Exercise details:
Return, with both end lines included, exactly what the data below holds from the line with "Vintage long white" through the line with "LEGO 43102 VIDIYO Candy Mermaid BeatBox", though not the pictures.

Material provided Block Start

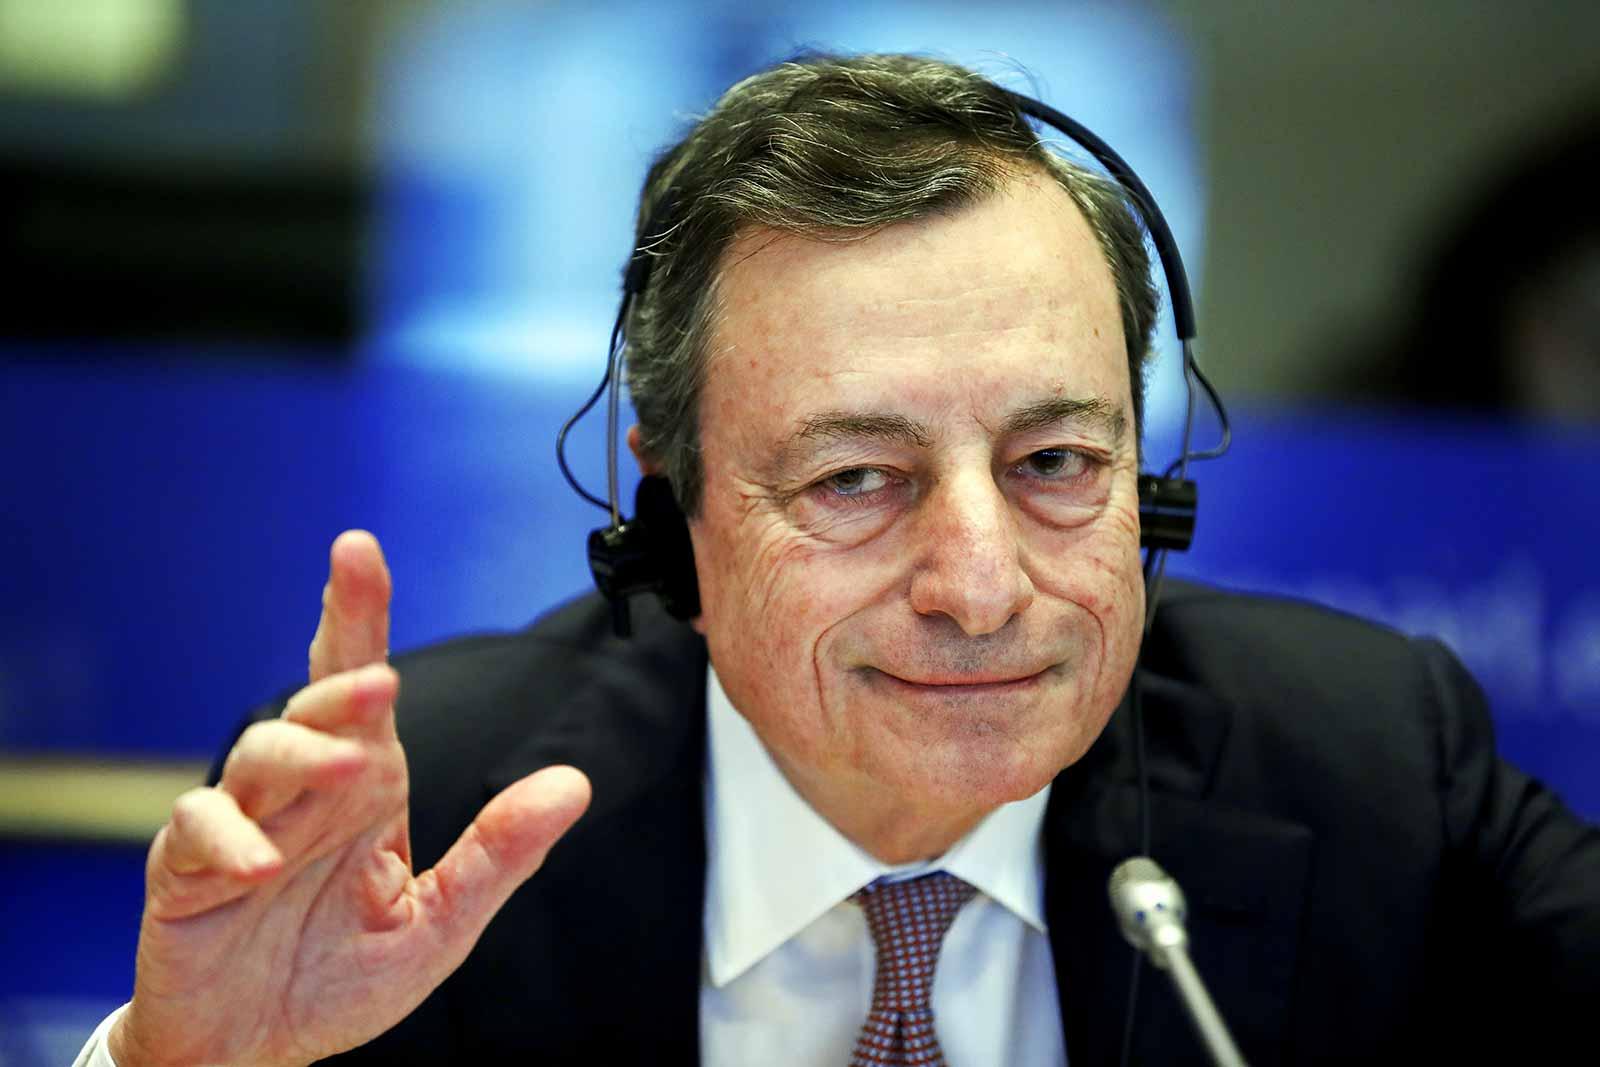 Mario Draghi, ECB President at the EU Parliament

Material provided Block End
Material provided Block Start

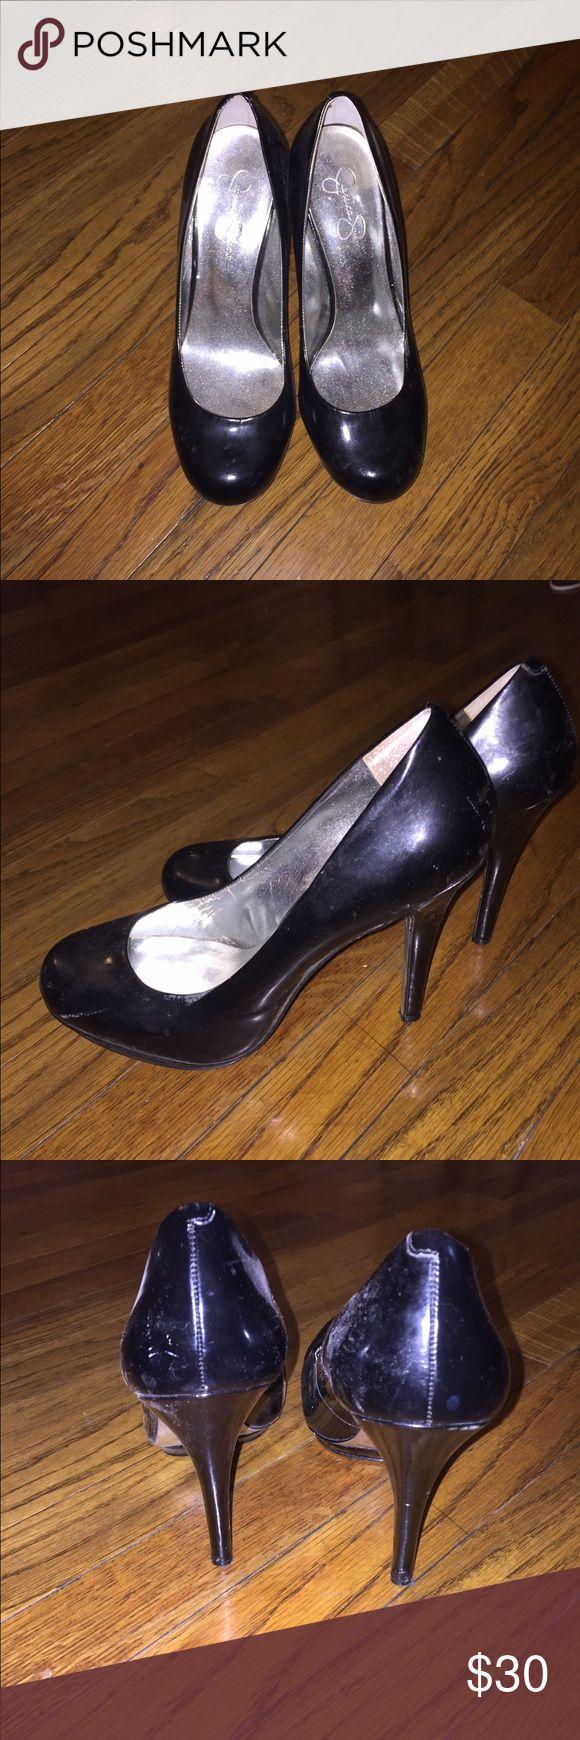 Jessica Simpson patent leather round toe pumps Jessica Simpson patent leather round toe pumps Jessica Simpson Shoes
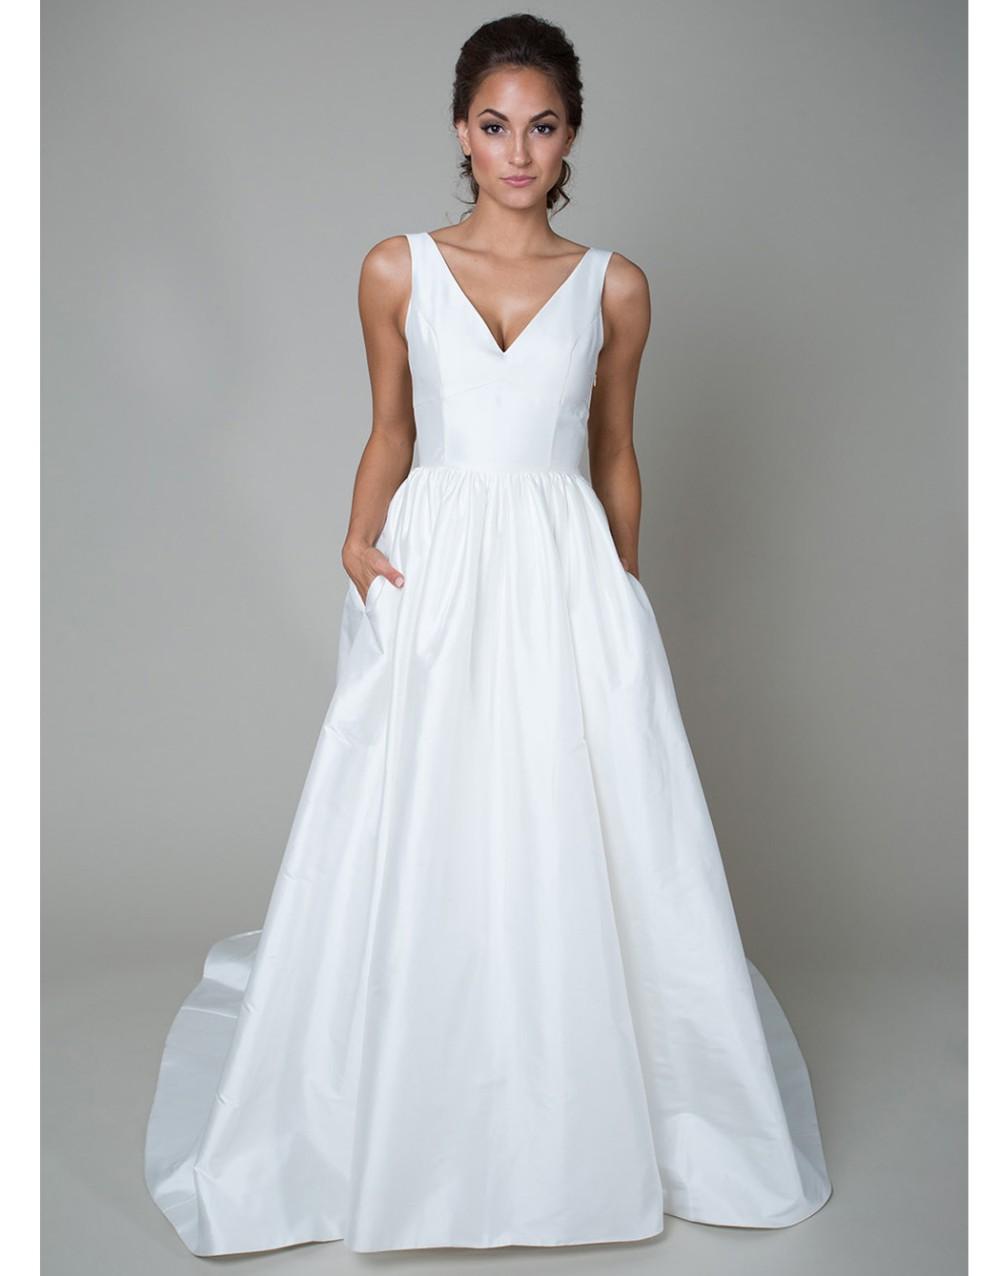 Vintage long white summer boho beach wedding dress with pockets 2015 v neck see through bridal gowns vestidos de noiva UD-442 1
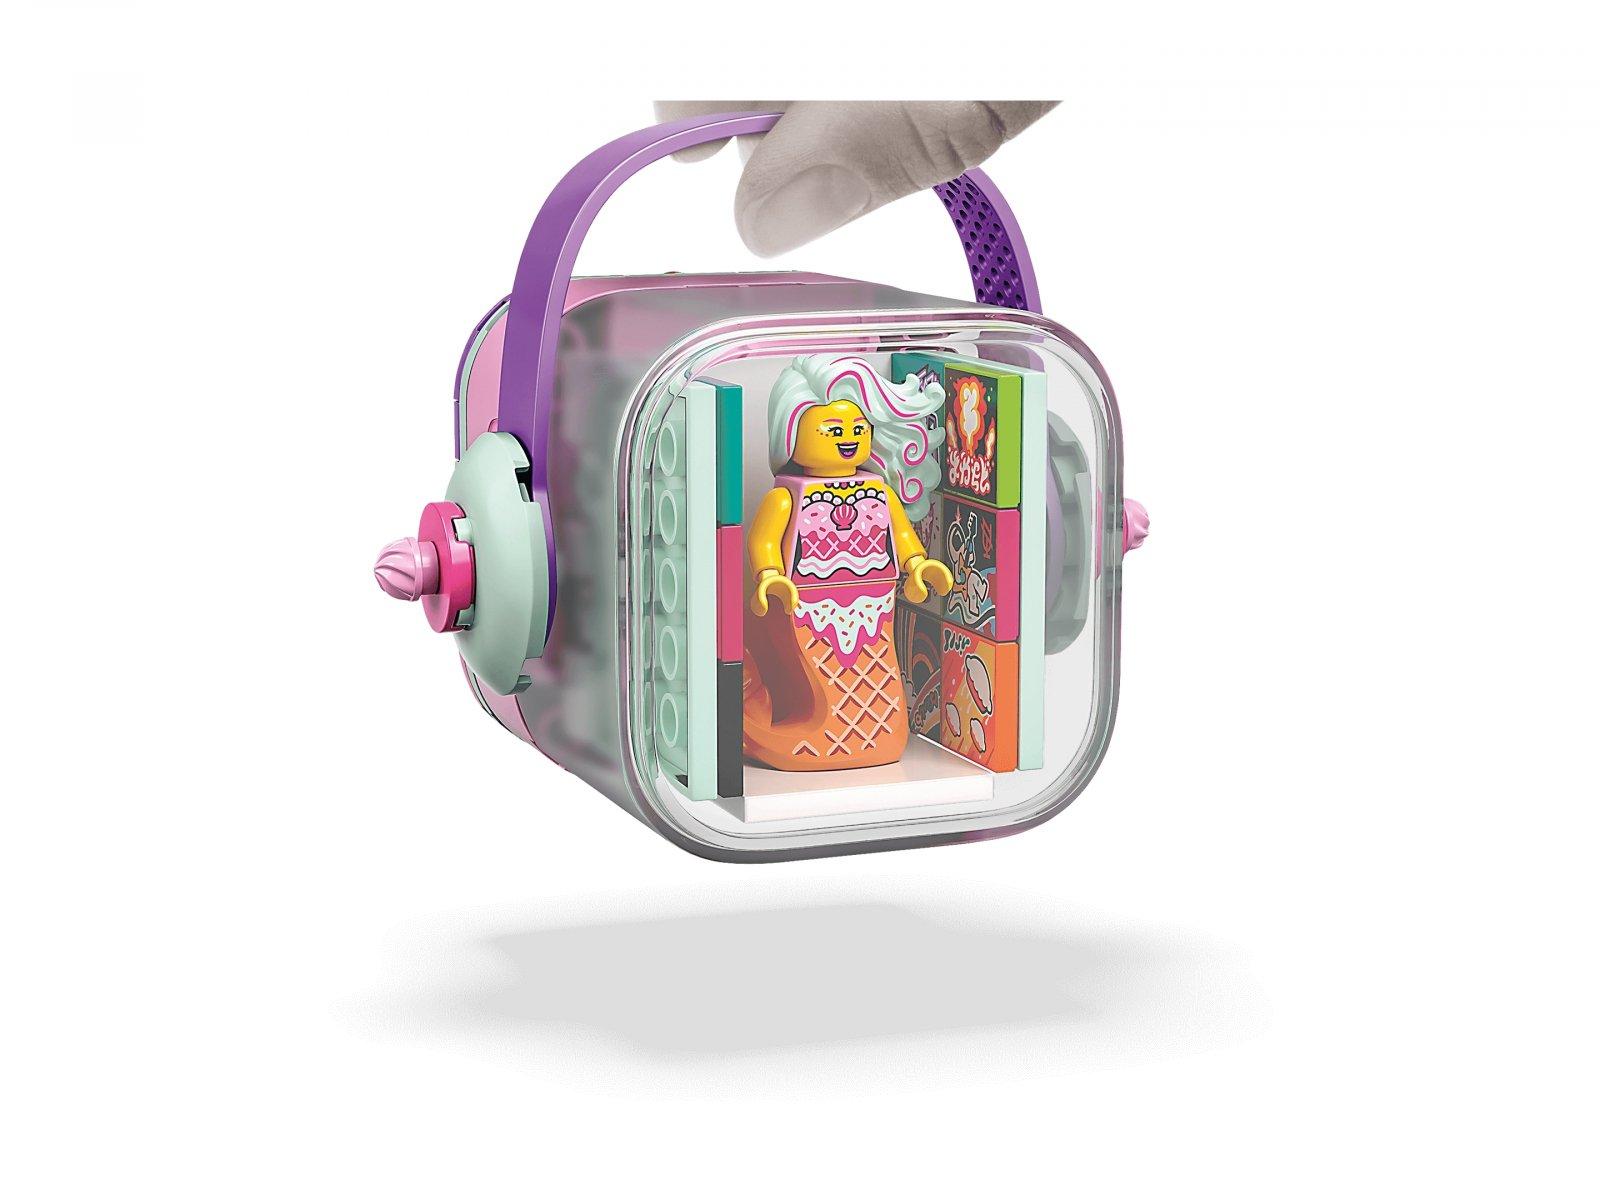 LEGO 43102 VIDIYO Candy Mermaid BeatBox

Material provided Block End

Response to this task:
 Vintage long white summer boho beach wedding dress with pockets 2015 v neck see through bridal gowns vestidos de noiva UD-442 1
 LEGO 43102 VIDIYO Candy Mermaid BeatBox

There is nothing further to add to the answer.